«Сколько смычек в воду, черт вас подери?!» Радист возвращает микрофон, включив линию на бак. Гремит цепь, высучиваясь из клюза. «Задержать канат! Сколько на клюзе?!» С бака доносится один удар в колокол. До ближайшего судна метров двадцать, а мы еще двигаемся, чуть-чуть, но двигаемся. Надо давать задний. Чего лоцман молчит? Я уже кладу руку на телеграф, когда замечаю рядом капитана. Он стоит в накинутой на плечи кожаной куртке, ежится на сыром сквозняке, потом зевает и наконец говорит: «Не надо задний.
Немец-рулевой доводит судно к сваям, легко касаемся их.
Тишина. Я выключаю ходовые огни. Это надо было сделать немного раньше. Включаю якорные. Впереди высокая корма датского сухогруза, позади демократический немец, он тоже отдал якорь.
Капитан опять укладывается на диван.
— Какого вы года, Георгий Васильевич?
— Двадцать восьмого.
— Сегодня двадцать второе июня.
Он отвечает так, как будто в вопросе нет никакой неожиданности, как будто не надо напрягать память, возвращаясь на двадцать восемь лет назад.
— Сидели во дворе за поленницей дров, резались в карты.

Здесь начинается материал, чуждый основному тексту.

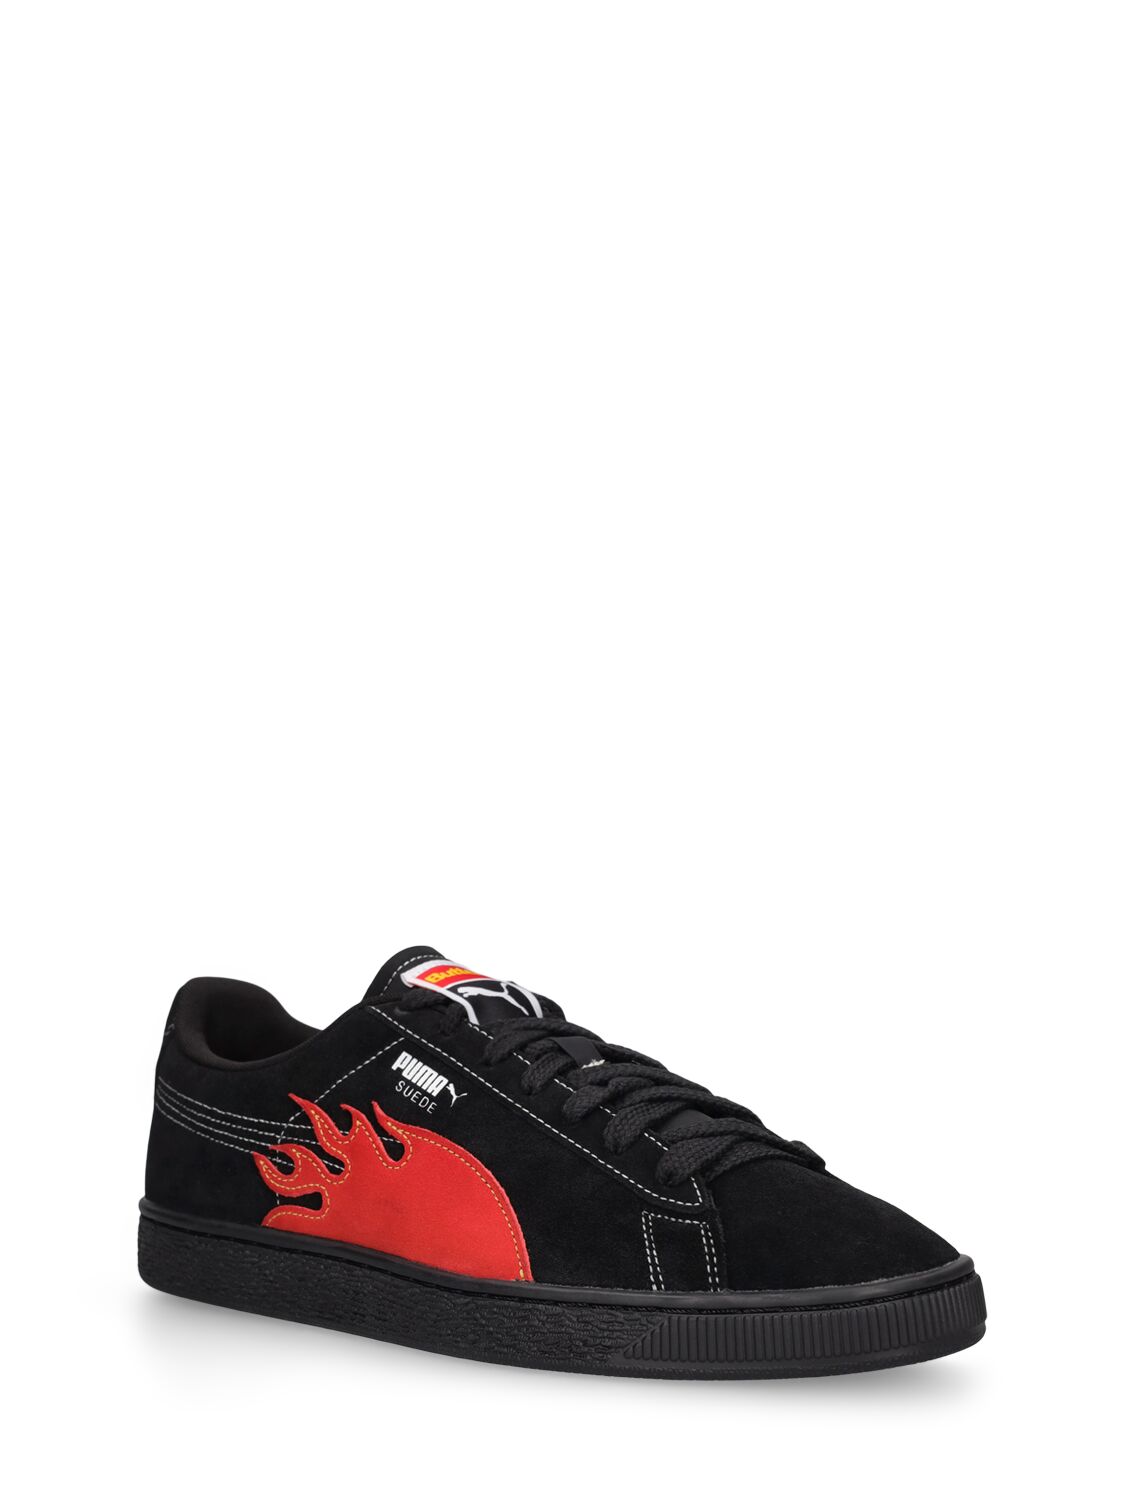 Shop Puma Butter Goods Classic Suede Sneakers In Black,red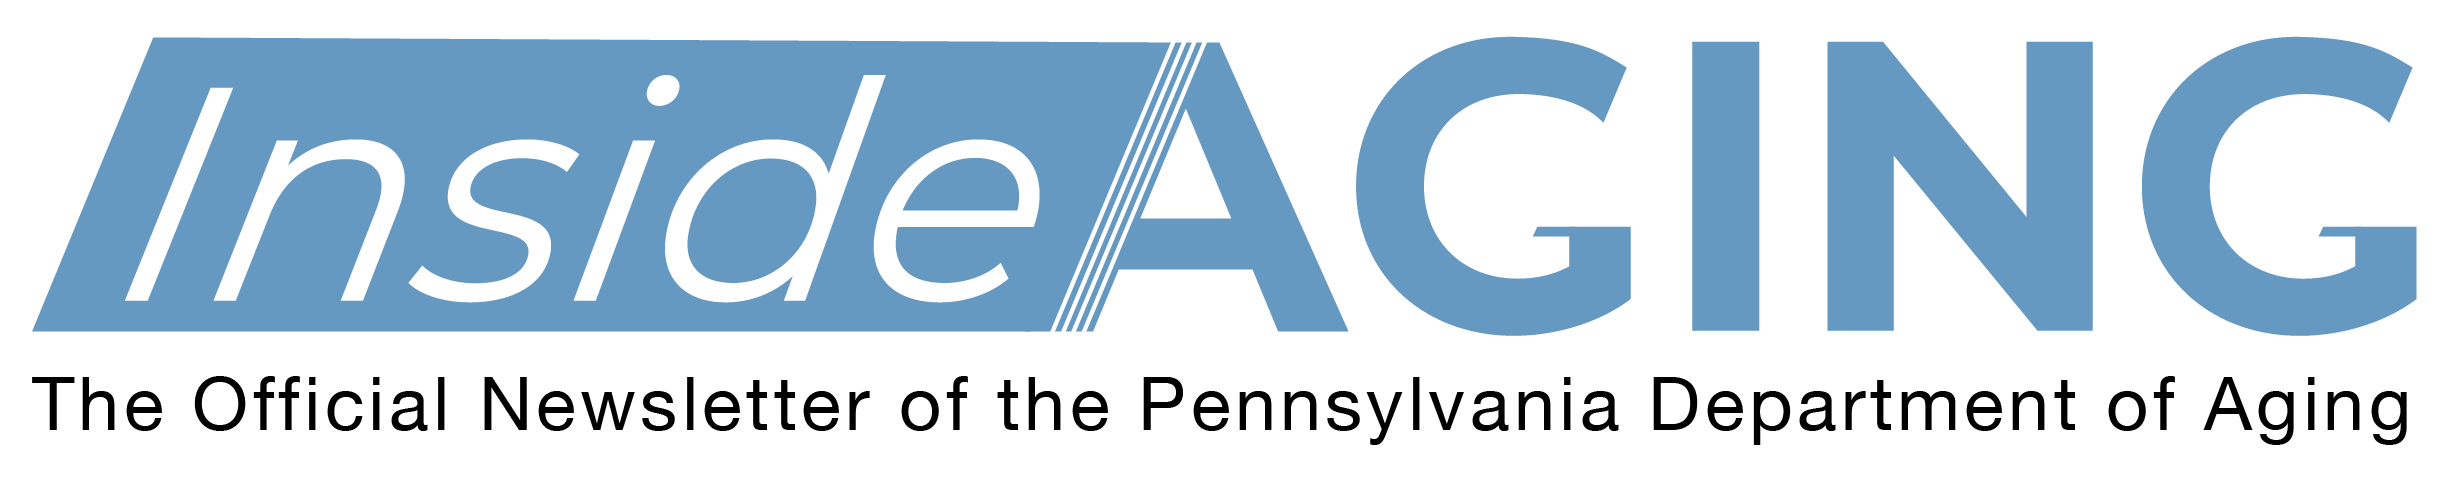 Inside Aging: The Official Newsletter of the Pennsylvania Department of Aging

Шла тетка Никифоровна, объяснила, что случилась беда, но мы фрицев шапками закидаем. Отец, правда, другого мнения был. Потом, помню, перегородки начали на чердаке ломать. У нас чердак был разделен на индивидуальные ячейки для разных нужд. Столько в чердачной пыли интересного нашли! И сабли старинные, стертые, и картины, и книги удивительные.
— В блокаду оставались?
— Нет. В Пермскую область эвакуировались... Там по-пластунски ползали и с парашютом прыгали, но двадцать восьмой не дотянул до фронта...
— Да. Двадцать седьмым кончилось.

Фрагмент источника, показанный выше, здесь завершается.